5/3/24

Alvin Lu - Cheng-Ming is an outsider trying to unmask both the fugitive criminal and the otherworld of spiritual forces that are inexorably taking control of the city. Things get complicated when the fetid island atmosphere begins to melt his contact lenses and his worsening sight paradoxically opens up the teeming world of ghosts and chimeras that surround him

 

Alvin Lu, The Hell Screens. Camphor Press,

2019


Cheng-Ming, a Taiwanese American, rummages through the used-book stalls and market bins of Taipei. His object is no ordinary one; he's searching obsessively for accounts of ghosts and spirits, suicides and murders in a city plagued by a rapist-killer and less tangible forces. Cheng-Ming is an outsider trying to unmask both the fugitive criminal and the otherworld of spiritual forces that are inexorably taking control of the city. Things get complicated when the fetid island atmosphere begins to melt his contact lenses and his worsening sight paradoxically opens up the teeming world of ghosts and chimeras that surround him. Vengeful and anonymous spirits commandeer Cheng-Ming's sight, so that he cannot distinguish past from present, himself from another. Images from modern and colonial Taiwan – an island of restless spirits – assail Cheng-Ming even as they captivate the reader.

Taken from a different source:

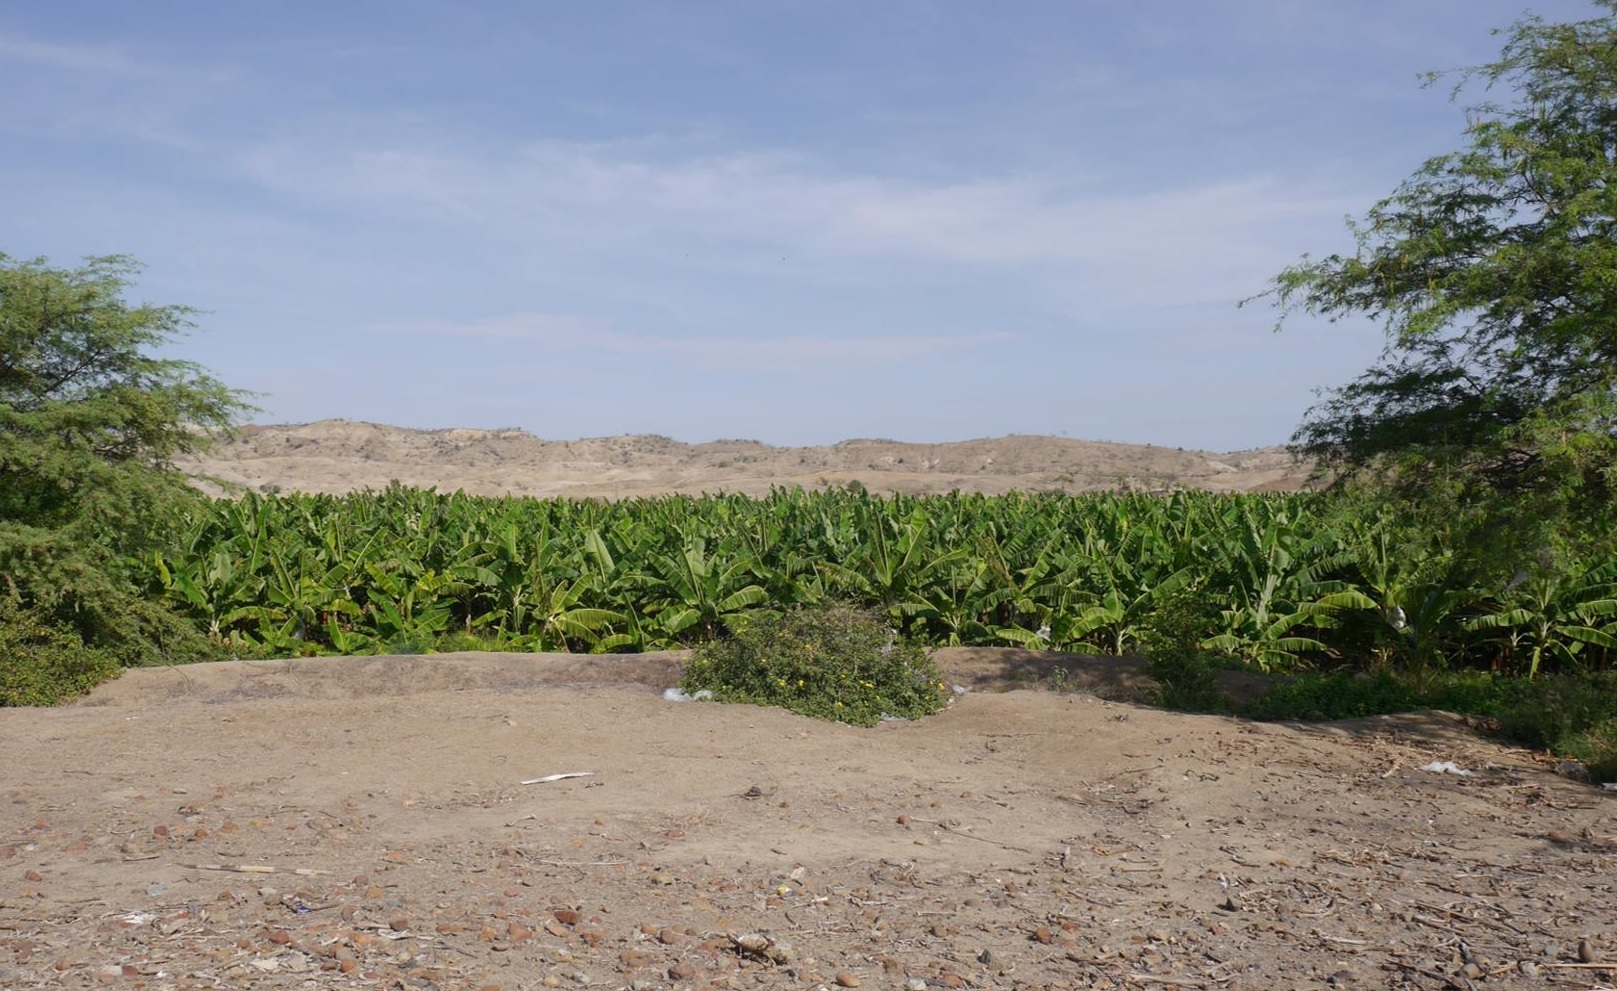 Organic bananas field shows agroindustry within an arid ecosystem

“Written with precise elegance, and populated by ghosts, mediums, and criminals, Alvin Lu’s The Hell Screens is surrealist noir set in a shadow version of Taipei that exposes the spirits and superstitions of Taiwan’s complex past lurking beneath its modern cityscapes. Alvin Lu has a singular imagination accompanied by the gift of enviably gorgeous prose. “Haunting” is the right word for this work—encountering The Hell Screens again, I realize I have been carrying the voice and images of this astounding novel in my mind as ghostly dream fragments for the last two decades.”— Shawna Yang Ryan, author of Green Island


At one point in this uncanny novel, the narrator, Ch ng-ming, describes his literal absorption into a Buddhist temple mural: "Particles of dispersed light seeped into my pores so that I became indistinguishable from them. The more I looked, the more I found myself enclosed in the mural's world." Enclosure in an unreal world is the threat that hangs over all of modern-day Taipei, at least as Ch ng-ming lives it. Lu's debut novel is divided between two notebooks, the first recording 19 days during which Ch ng-ming, a Chinese-American, investigates a master criminal named K. who is on the loose in the city; the other, much shorter, is by K. himself. The quest for K. leads Ch ng-ming to interview Sylvia, a school girl who claims to have been K.'s lover. Sylvia, a fortune teller, says she and K. committed double suicide, except that the pills didn't kill her. Fatty, a ghost-obsessed filmmaker, is making a documentary about Wang, an exorcist who is supposedly driving the spirits from the apartment building in which Ch ng-ming lives. Ch ng-ming learns from Fatty that Sylvia is herself a vampiric ghost. After K. is discovered using a vacant apartment in Ch ng-ming's building, the narrative veers into a rapid dematerialization of reality. Fatty is murdered, and the police use Wang to make a sort of extrasensory investigation, implicating Sylvia. Although sometimes stylistically overburdened, the novel is a hypnotic venture into the uncertain reality of liminal existences. Sophisticated readers on the lookout for fresh literary talent will relish Lu's ambitious debut. —Publishers Weekly


“Will appeal to anyone who loves the cat-and-mouse games of Nabokov, the playful elegance of Borges or the rarefied dreamscapes of Calvino.” — The New York Times Book Review


“Magical realism doesn’t capture the character of this poetic and intelligent novel: its blurring of current events and myth is more subtle, more realistically grounded.” — Steve Tomasula, Review of Contemporary Fiction


“Anyone with experience in a Chinese community will be struck by how apt yet original Lu's observations are, of the ways in which Chinese culture interweaves spiritual and material beings.”—South China Morning Post


A contact lens dipped in tea stands in for Proust’s mnemonic madeleine in this agreeably deranged first novel, by a young California critic and teacher of film technique.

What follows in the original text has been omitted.